#### [Excerpted records]
============================================================

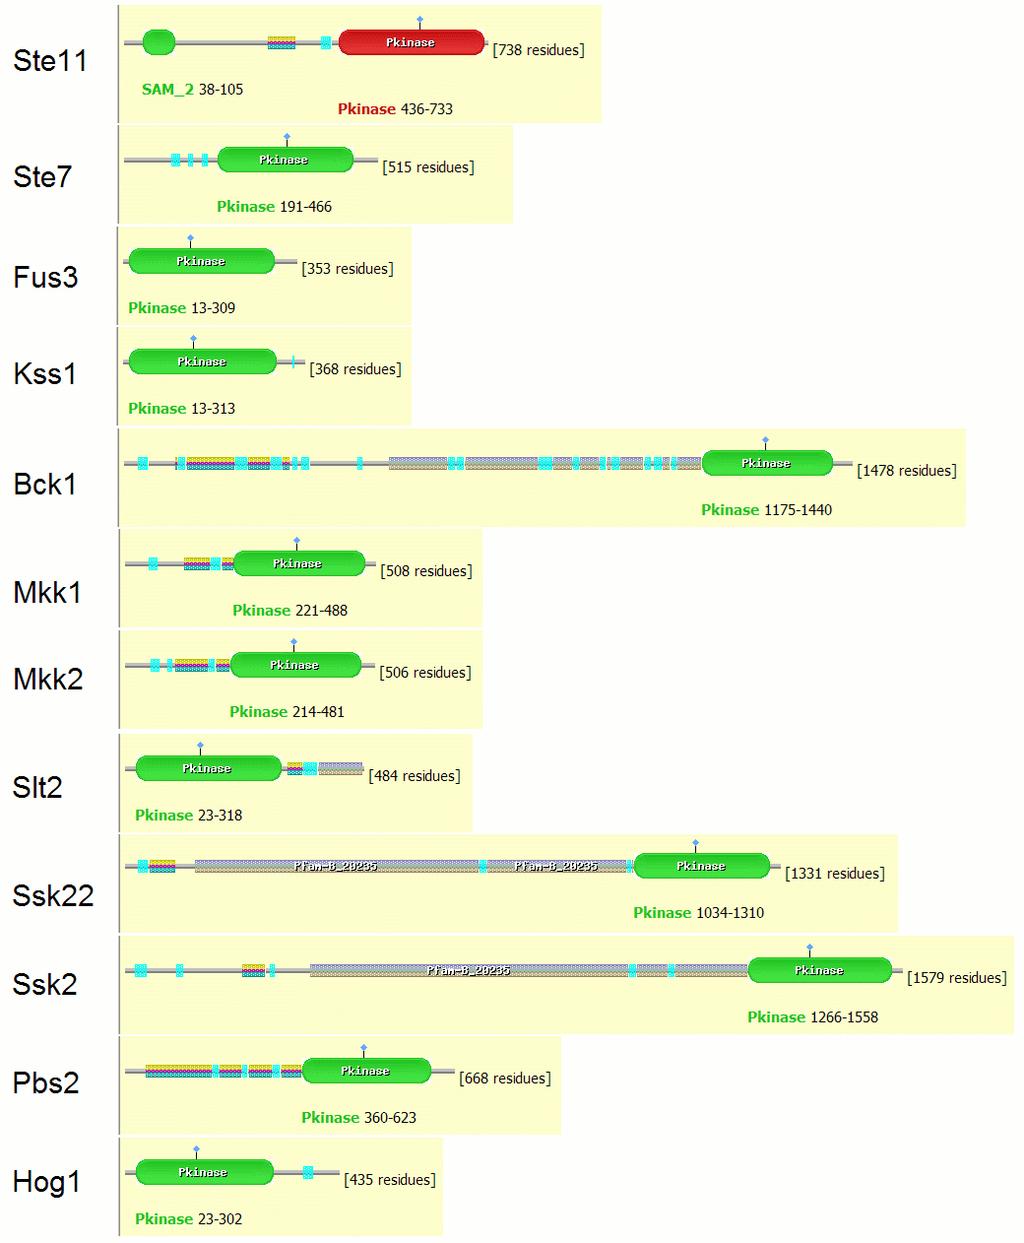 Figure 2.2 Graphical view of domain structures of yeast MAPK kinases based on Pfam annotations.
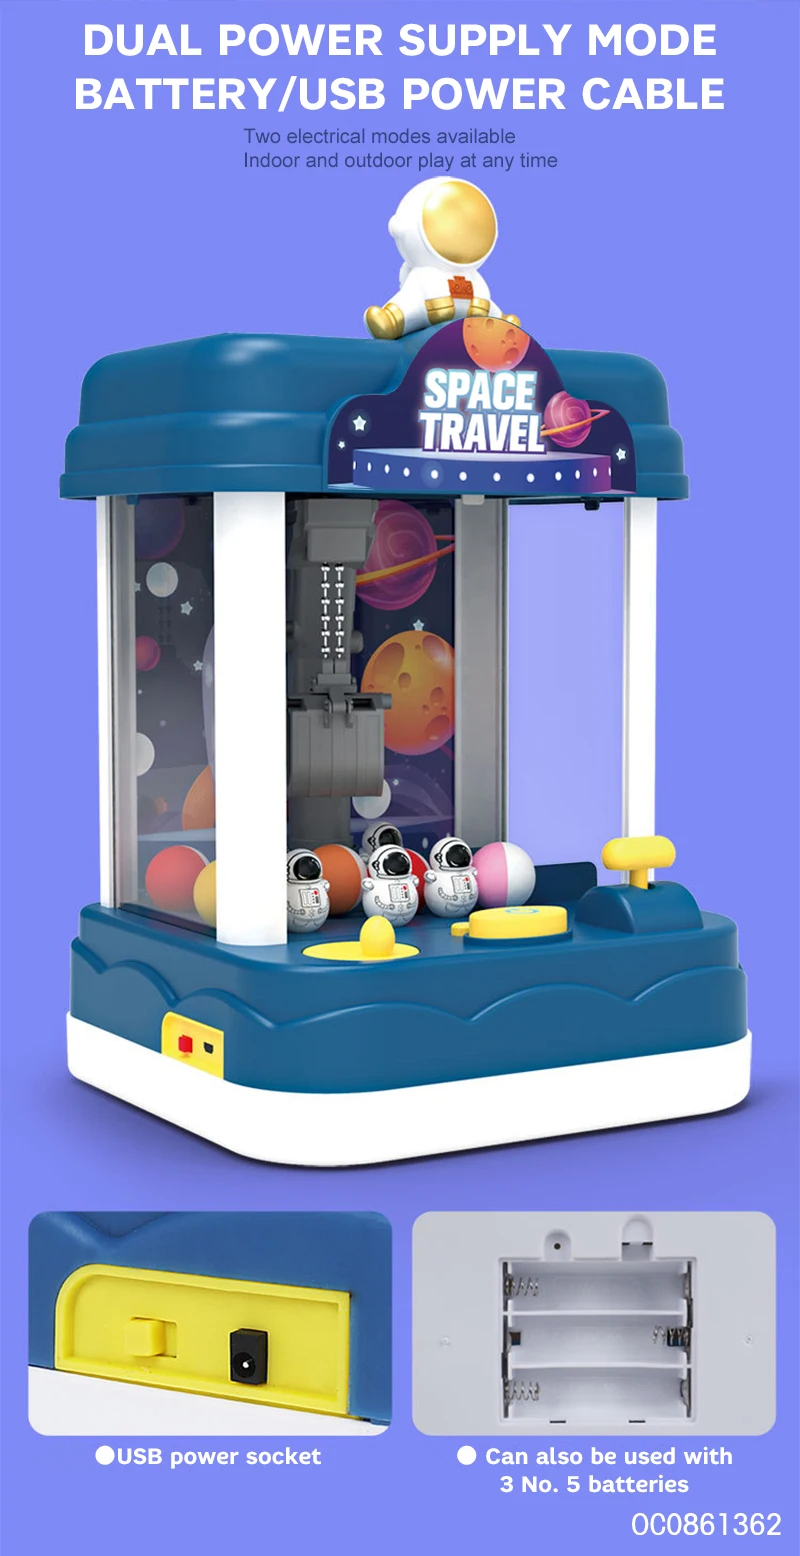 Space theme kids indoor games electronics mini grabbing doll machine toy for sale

============================================================

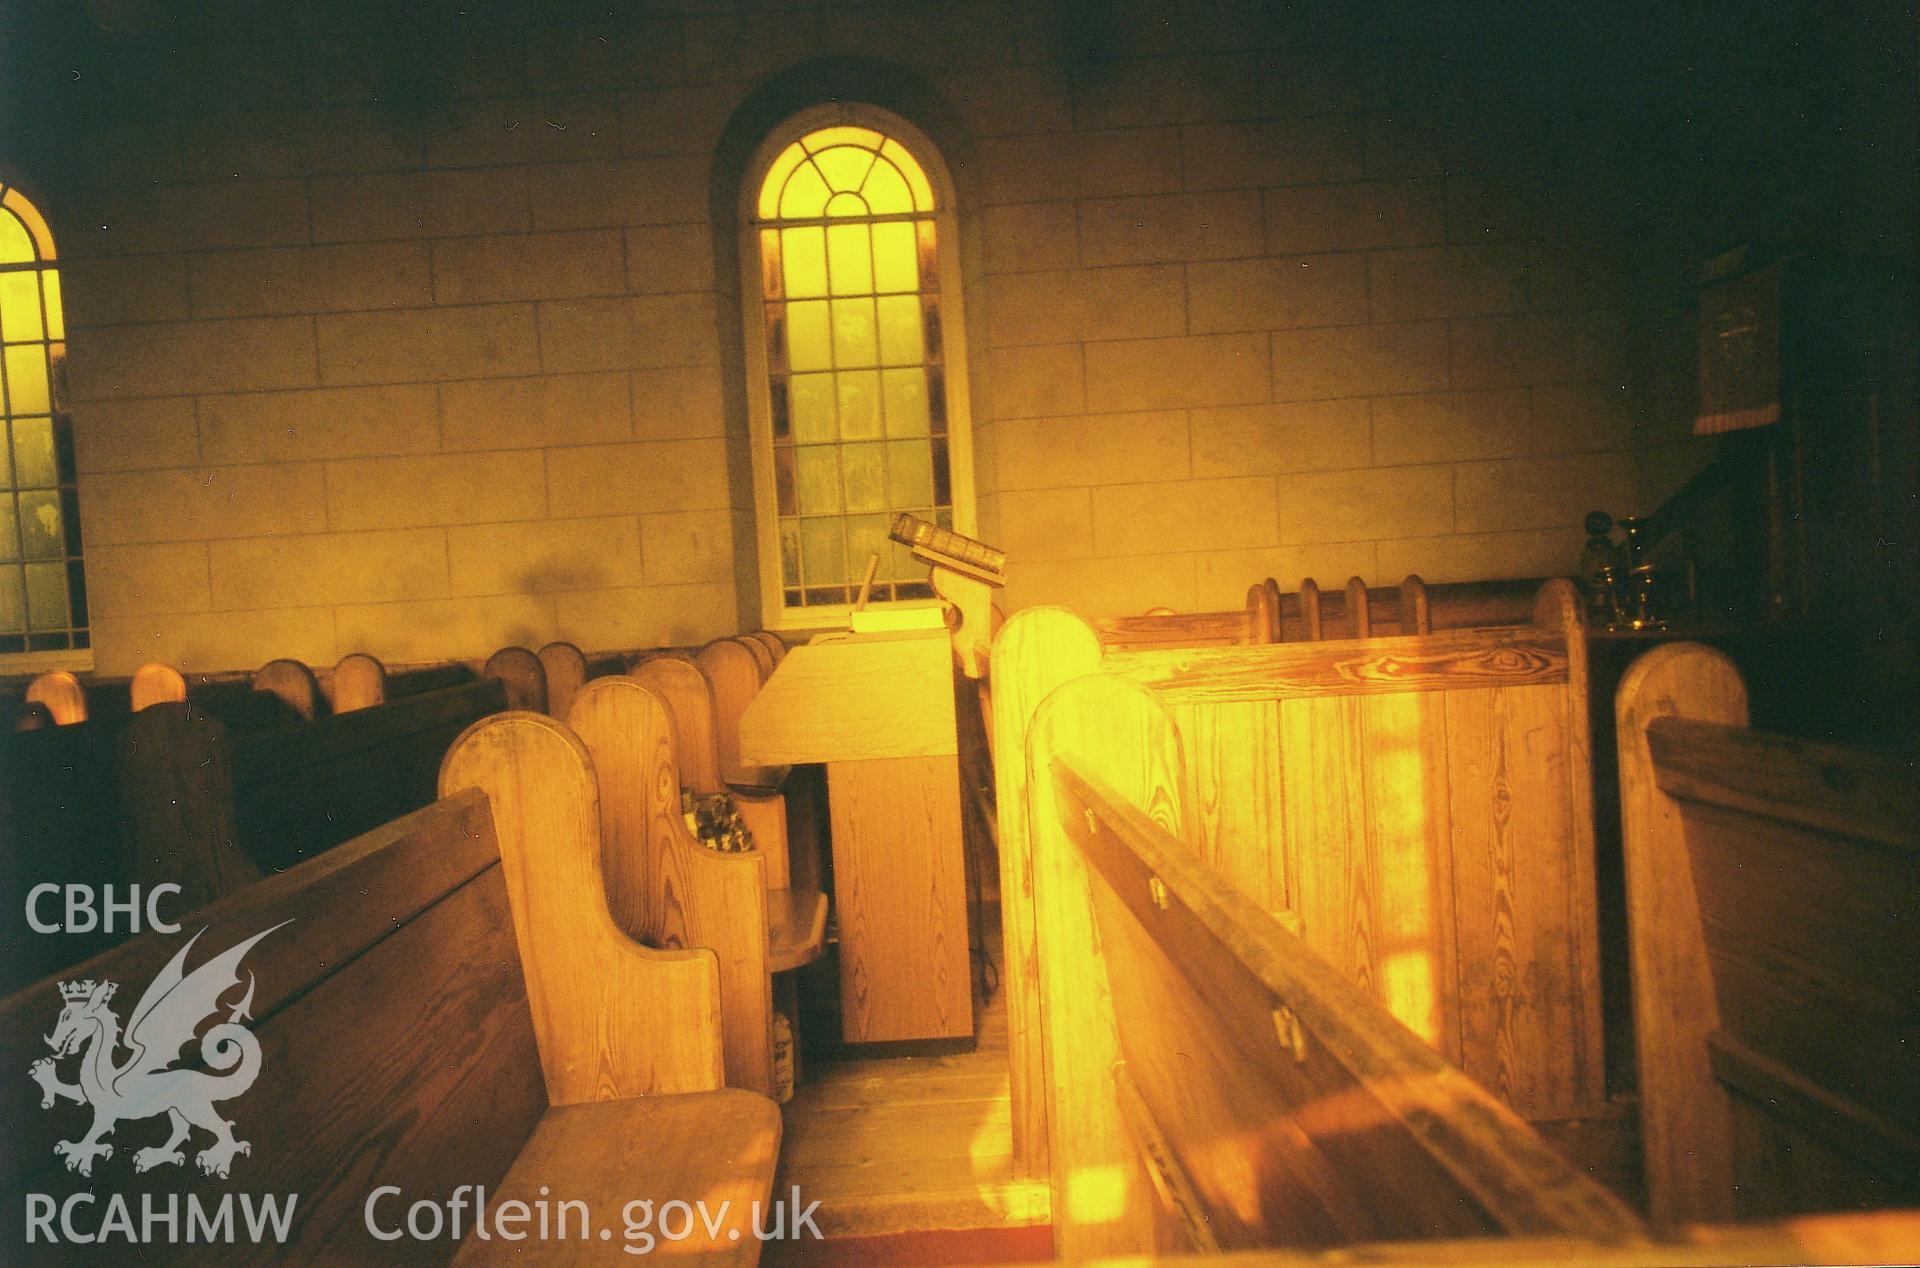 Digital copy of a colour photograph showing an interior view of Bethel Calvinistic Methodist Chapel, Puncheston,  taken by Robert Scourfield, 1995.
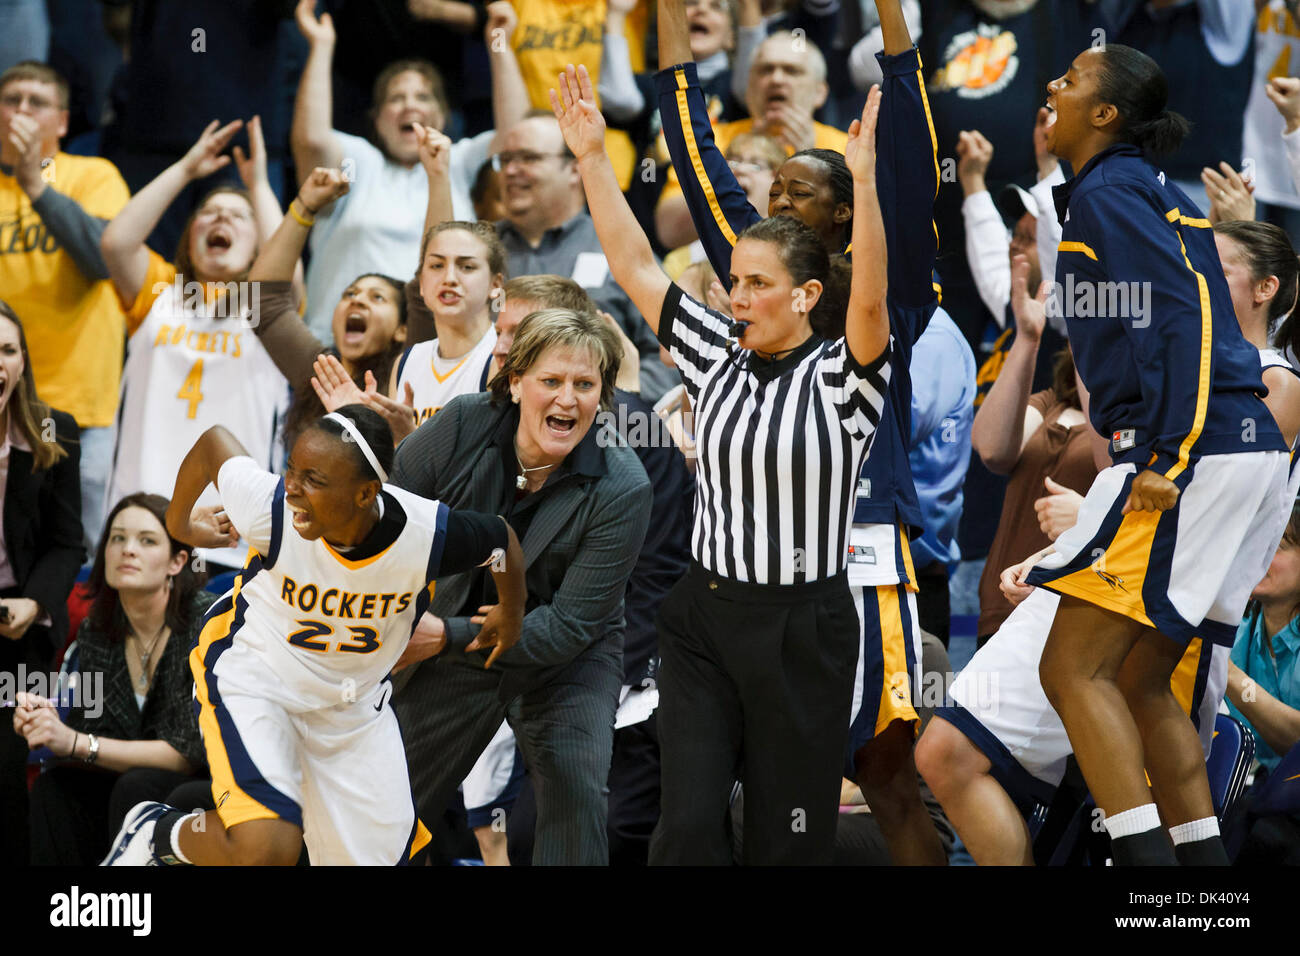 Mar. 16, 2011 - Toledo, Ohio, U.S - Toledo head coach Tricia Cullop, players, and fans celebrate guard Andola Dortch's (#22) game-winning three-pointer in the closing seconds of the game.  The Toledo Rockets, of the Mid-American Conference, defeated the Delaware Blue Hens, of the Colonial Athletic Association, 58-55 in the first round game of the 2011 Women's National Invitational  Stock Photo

============================================================

Look above for the line holding "Figure 2.2 Graphical" and output everything from it down to the line holding "Space theme kids", both ends included, exactly and without images.

 Figure 2.2 Graphical view of domain structures of yeast MAPK kinases based on Pfam annotations.
 Space theme kids indoor games electronics mini grabbing doll machine toy for sale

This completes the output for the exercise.